_EXERCISE AIM_.
Everything in the listing below needs restating exactly, apart from the pictures.

-------- INFORMATION SUPPLIED --------

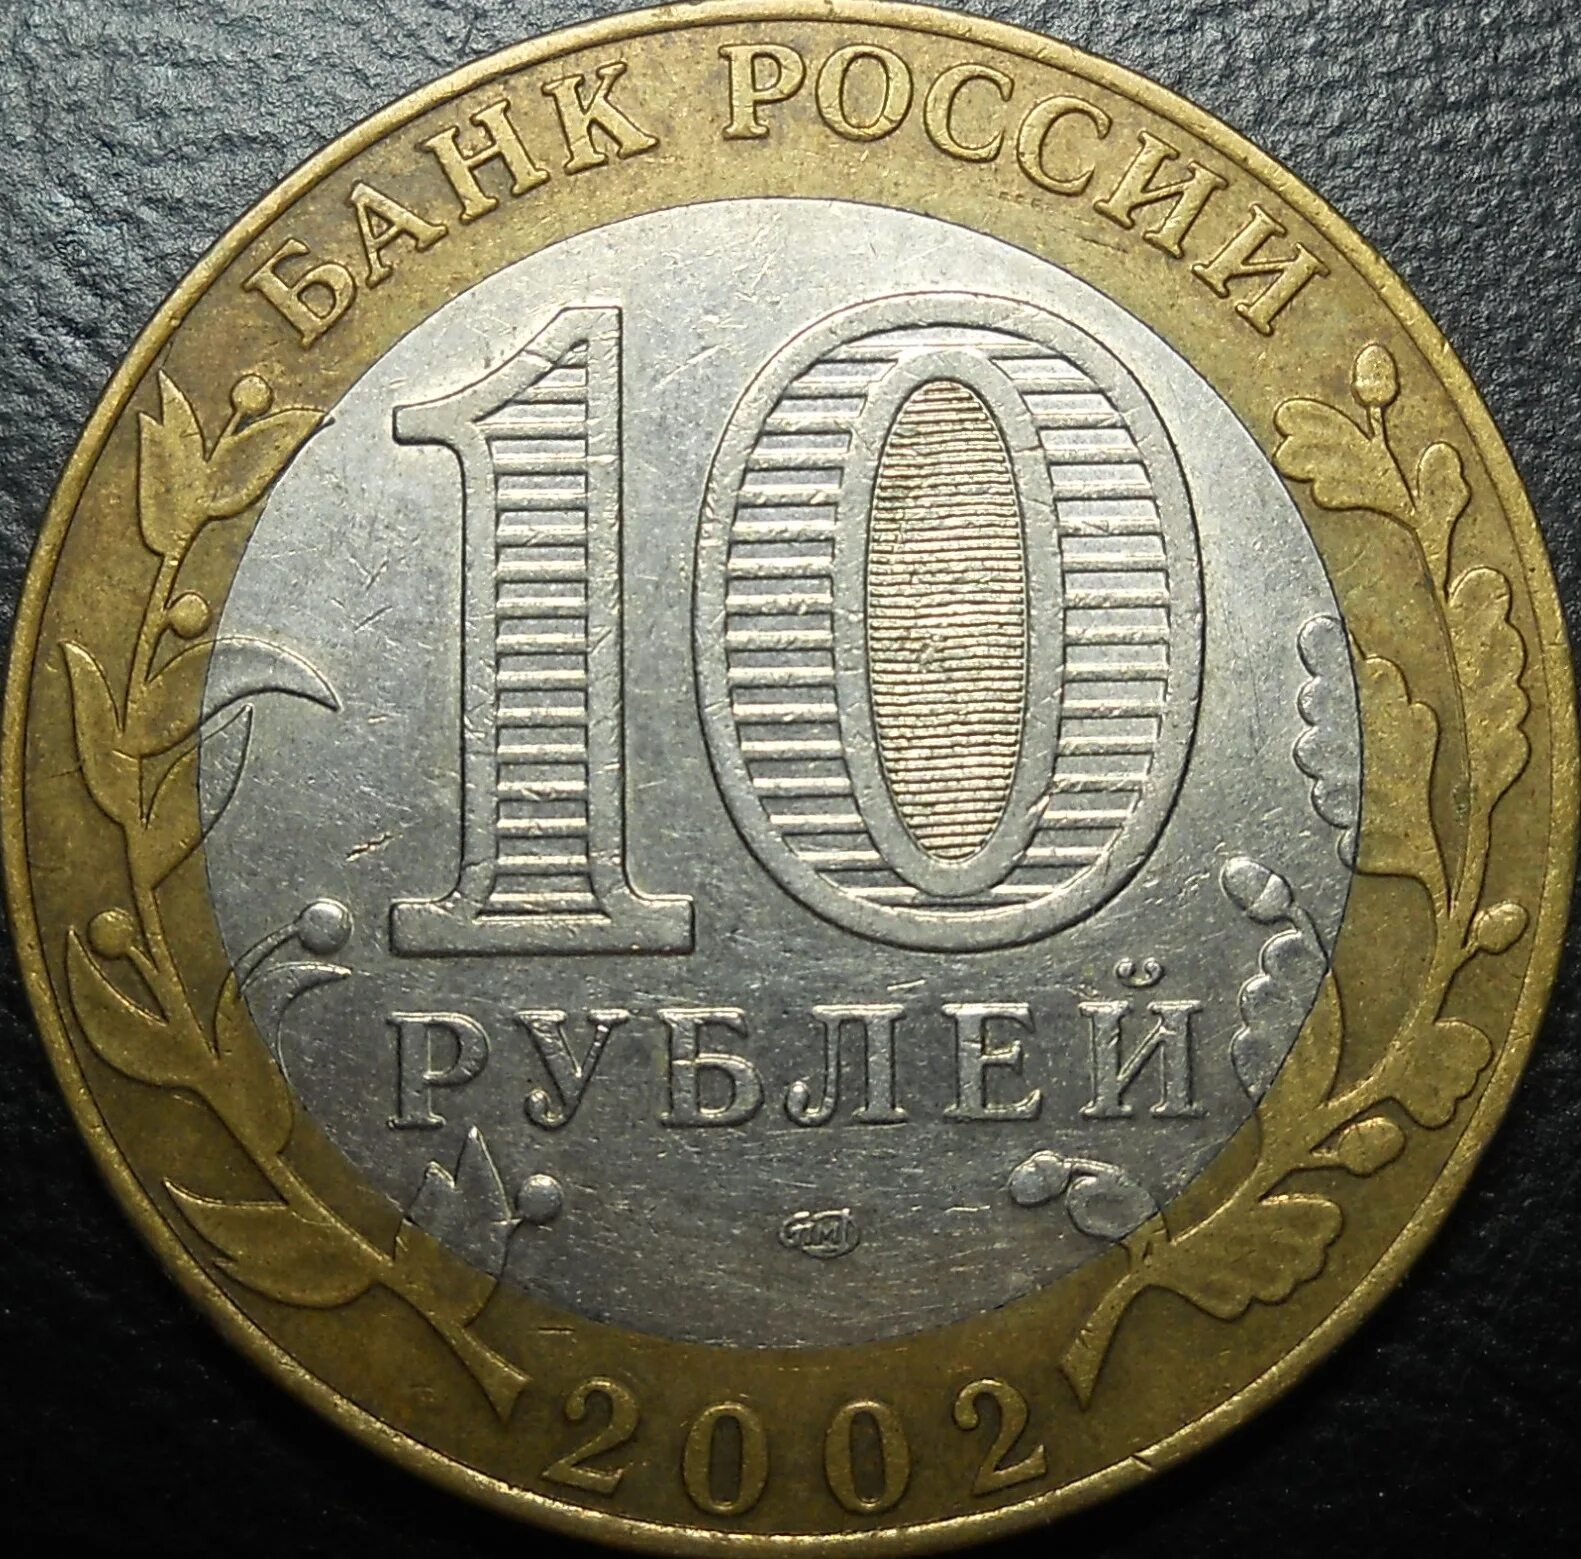 80 рублей 85. 85 Рублей. 10 Рублей Белгородская область выкус. 2009 Выкус.
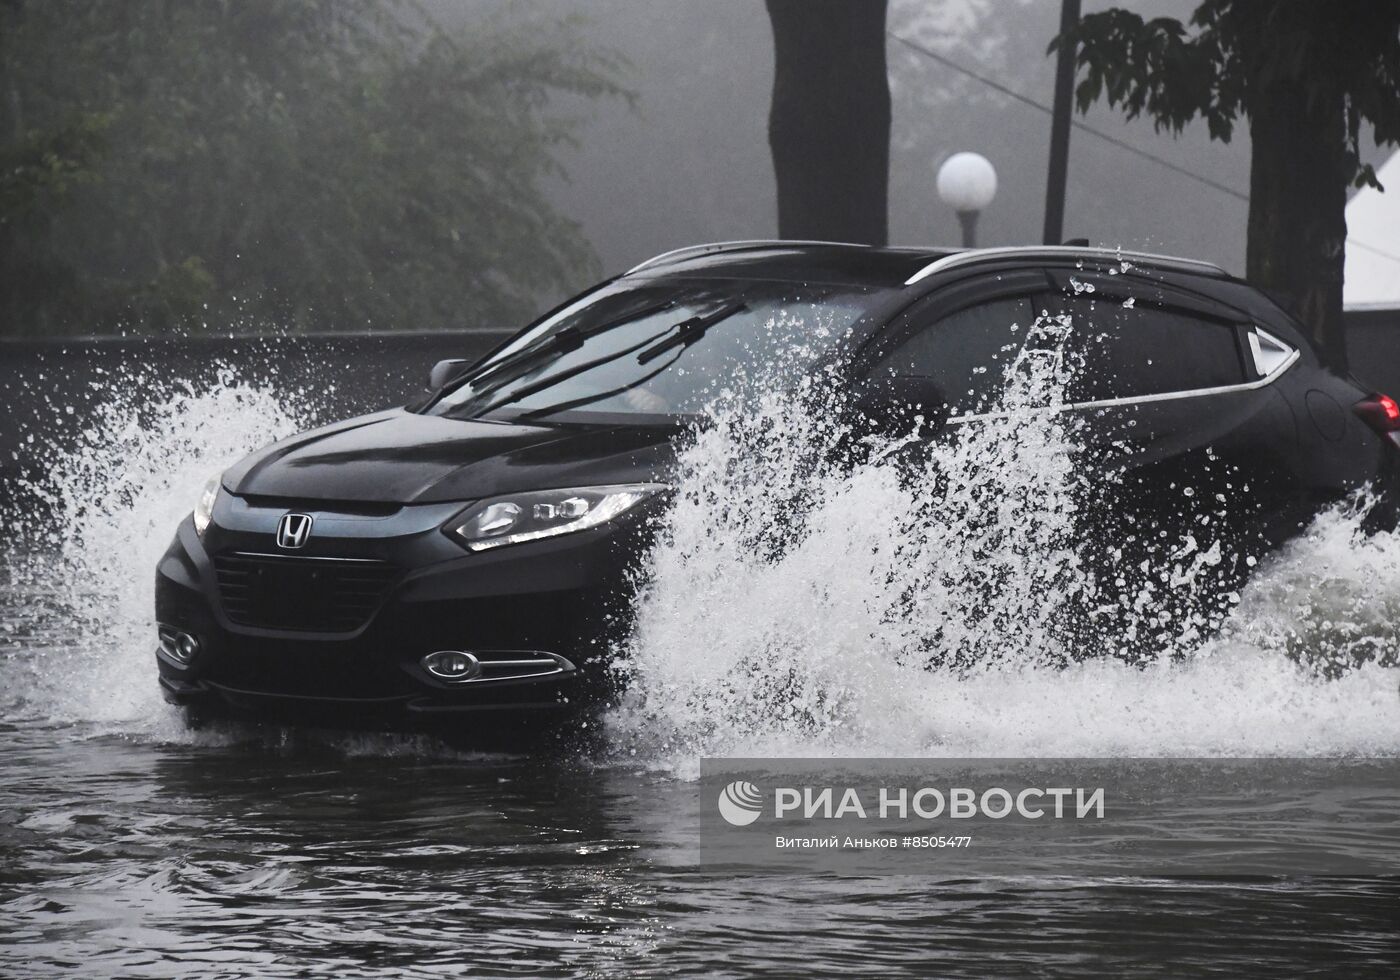 Владивосток накрыл очередной циклон
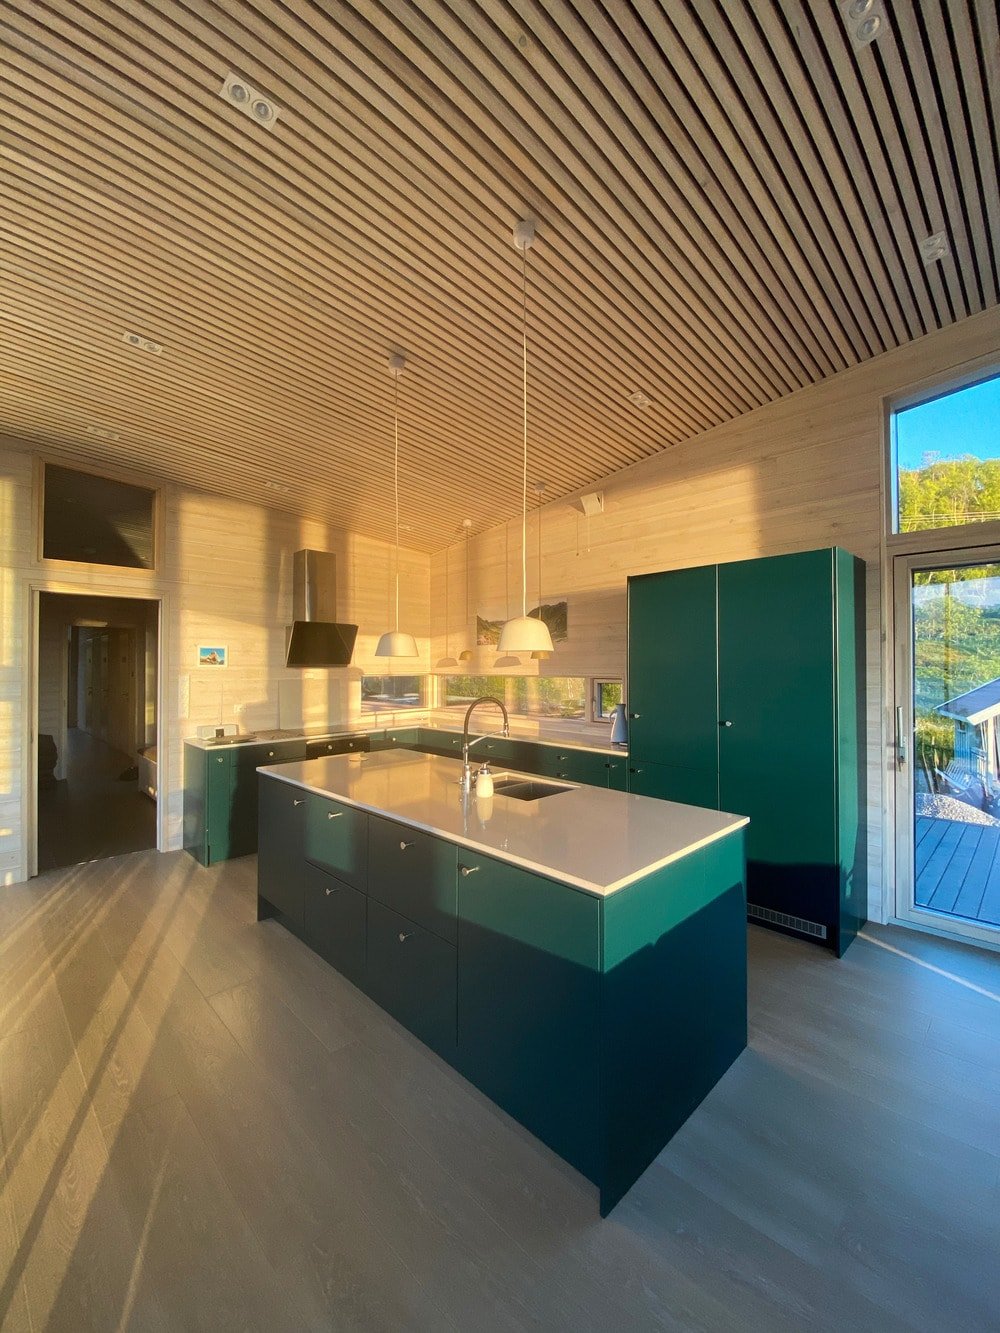 这是从用餐区俯瞰厨房的全景。厨房橱柜的色调与墙壁和天花板的浅色木质元素形成鲜明对比。

--------

_ANSWER AREA_.
 80 рублей 85. 85 Рублей. 10 Рублей Белгородская область выкус. 2009 Выкус.
 Владивосток накрыл очередной циклон
 这是从用餐区俯瞰厨房的全景。厨房橱柜的色调与墙壁和天花板的浅色木质元素形成鲜明对比。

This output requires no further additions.